The (un)decidability of Robinson-Arithmetic-without-Multiplication?

It is undecidable.

Let $\mathcal L$ be the first-order language with equality and one binary predicate $p({-},{-})$ and no constants or function symbols. Call an $\mathcal L$-sentence of the form $\varphi\land \exists x\exists y(x\ne y)$ "fancy" -- it is then well known that satisfiability of fancy sentences is undecidable.

Consider the following translation from $\mathcal L$ into the your additive Robinson arithmetic:

$$\overline{\varphi\land\psi} \equiv \overline\varphi\land\overline \psi \qquad \overline{\neg\varphi} \equiv \neg\overline\varphi$$ $$\overline{\exists x.\varphi} \equiv \exists x(x=\mathsf S x \land \overline\varphi) \qquad \overline{x=y} \equiv x=y$$ $$\overline{p(x,y)} \equiv x+y=x $$

Now clearly if $\varphi$ is a fancy sentence and $\overline{\varphi}$ is consistent with additive Robinson arithmetic, then $\varphi$ is satisfiable -- it is trivial to derive a model of the latter from a model of the former; the domain will be the elements that are their own successors.

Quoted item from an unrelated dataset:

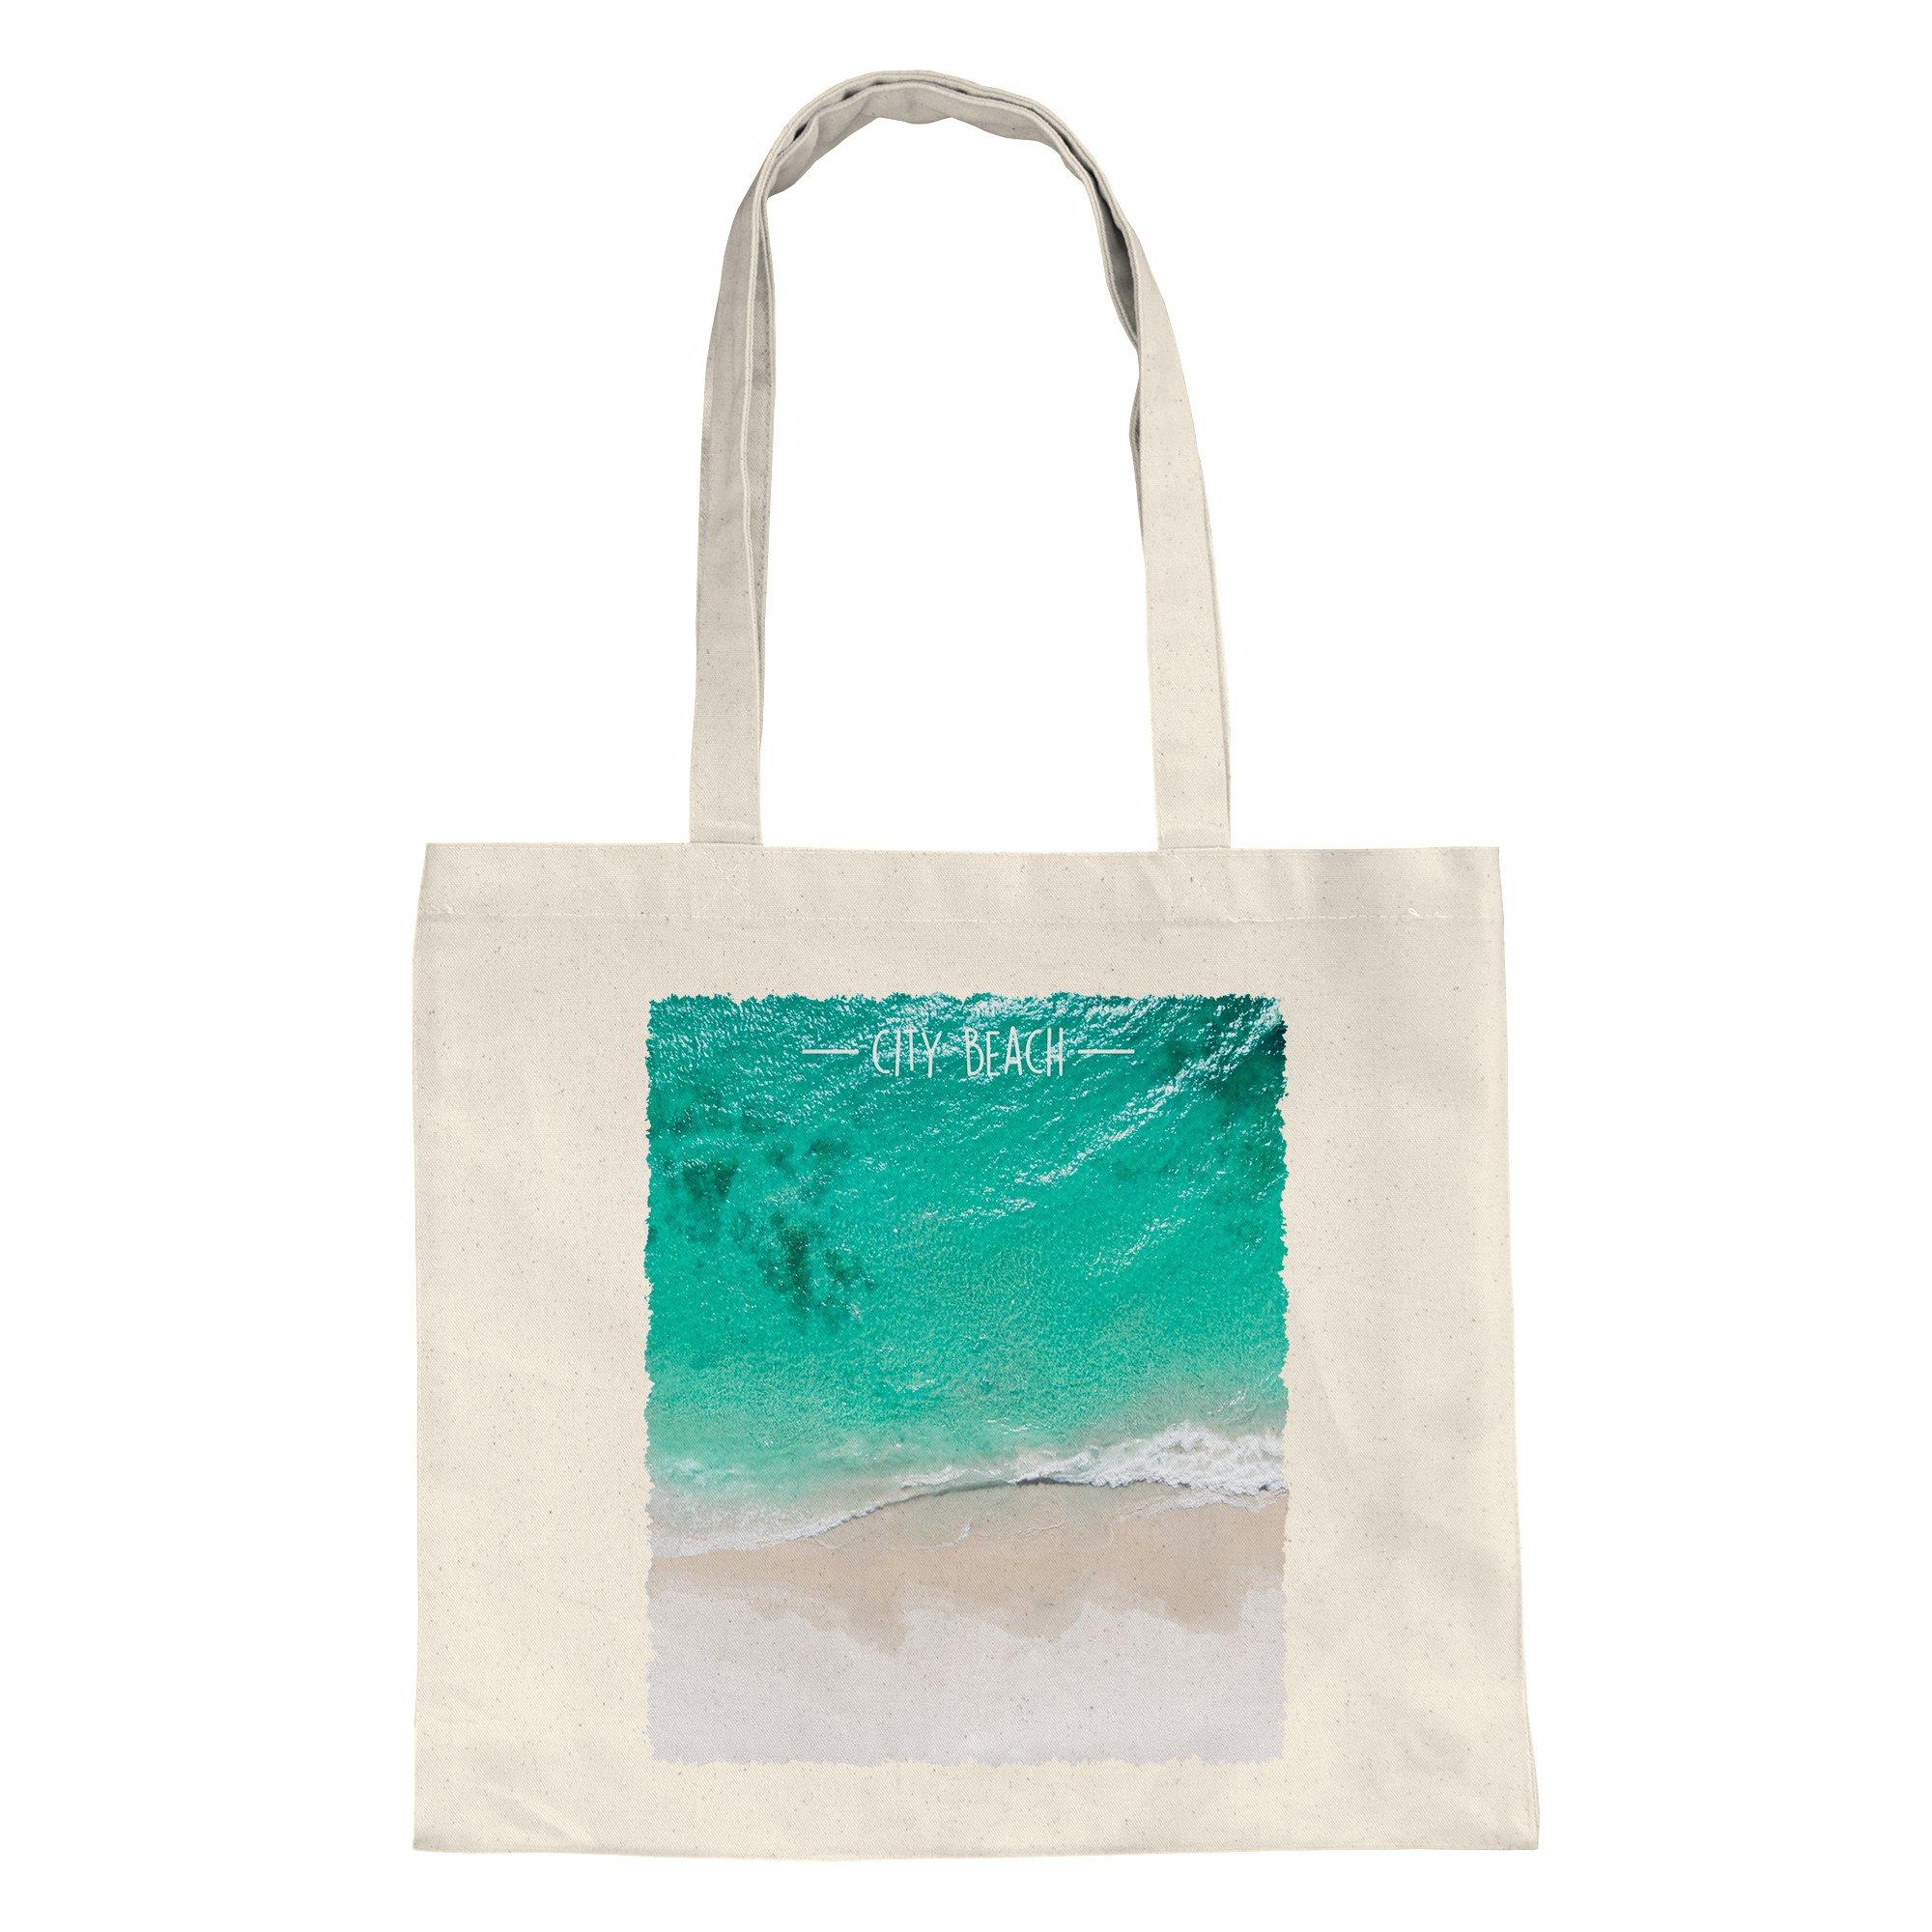 tote-shopping-bag-city-beach-perth_1024x1024@2x

On the other hand if $\varphi$ is a satisfiable fancy sentence, then there's a model of additive Robinson arithmetic that satisfies $\overline\varphi$, as follows:

Let $(A,p)$ be a model of $\varphi$; without loss of generality take $A$ to be disjoint from $\mathbb N$. Because $\varphi$ is fancy $A$ has at least two elements, so let $f:A\to A$ be such that $f(a)\ne a$ for all $a\in A$. Now construct an model of additive Robinson arithmetic with domain $\mathbb N\cup A$, as follows: $$ 0 = 0 $$ $$ \mathsf S n = (n+1) \qquad \mathsf Sa = a$$ $$ n\oplus n' = (n+n') \qquad a\oplus n= n\oplus a = a \qquad a\oplus a' = \begin{cases} a & \text{when }p(a,a') \\ f(a) & \text{otherwise} \end{cases}$$

Consider the model $\mathfrak{M}$ with domain the natural numbers $\mathbb{N}$ plus one more object, say $a$. Define $S$ on $\mathbb{N}$ normally and $Sa=a$. Define $+$ on $\mathbb{N}$ normally and $x+a=a+x=a$ for all $x \in \mathfrak{M}$.

Then it is quite easy to prove that $\mathfrak{M}$ is a model of the $5$ axioms in which the statement $\varphi$, "there exists an $x$ such that $Sx=x$" is true.

So $\varphi$ cannot be decided by the axioms since in the standard model it is false and true here, so the theory is undecidable.